Stored dataset items
::::::::::

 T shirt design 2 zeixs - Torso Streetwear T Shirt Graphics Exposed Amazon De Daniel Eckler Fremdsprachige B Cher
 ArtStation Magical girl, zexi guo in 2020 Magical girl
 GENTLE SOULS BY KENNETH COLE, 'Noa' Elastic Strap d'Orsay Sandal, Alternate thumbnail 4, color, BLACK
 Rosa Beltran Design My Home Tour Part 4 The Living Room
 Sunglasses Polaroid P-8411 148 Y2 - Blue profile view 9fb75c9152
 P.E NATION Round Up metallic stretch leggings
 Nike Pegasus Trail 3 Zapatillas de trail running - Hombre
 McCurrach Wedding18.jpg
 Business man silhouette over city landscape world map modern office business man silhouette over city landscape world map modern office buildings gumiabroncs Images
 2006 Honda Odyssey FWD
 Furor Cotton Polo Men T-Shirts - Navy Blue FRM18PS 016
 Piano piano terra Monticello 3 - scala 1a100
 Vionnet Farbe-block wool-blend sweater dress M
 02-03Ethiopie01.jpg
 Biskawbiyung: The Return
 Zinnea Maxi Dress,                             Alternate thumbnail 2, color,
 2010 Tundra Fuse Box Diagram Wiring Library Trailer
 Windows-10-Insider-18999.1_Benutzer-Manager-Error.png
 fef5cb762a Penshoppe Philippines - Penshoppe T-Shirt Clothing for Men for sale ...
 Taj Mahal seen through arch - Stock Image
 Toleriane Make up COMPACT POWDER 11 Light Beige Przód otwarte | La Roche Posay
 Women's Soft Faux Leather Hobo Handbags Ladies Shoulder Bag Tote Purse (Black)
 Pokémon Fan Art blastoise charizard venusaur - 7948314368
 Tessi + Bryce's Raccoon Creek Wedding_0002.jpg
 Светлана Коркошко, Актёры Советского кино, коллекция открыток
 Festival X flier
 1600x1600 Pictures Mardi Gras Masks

::::::::::

### Assignment:
Starting with the line with "Biskawbiyung: The Return" above and going on through the line with "Taj Mahal seen through arch - Stock Image", transcribe every line exactly, both ends included, and add nothing.

### Task response:
 Biskawbiyung: The Return
 Zinnea Maxi Dress,                             Alternate thumbnail 2, color,
 2010 Tundra Fuse Box Diagram Wiring Library Trailer
 Windows-10-Insider-18999.1_Benutzer-Manager-Error.png
 fef5cb762a Penshoppe Philippines - Penshoppe T-Shirt Clothing for Men for sale ...
 Taj Mahal seen through arch - Stock Image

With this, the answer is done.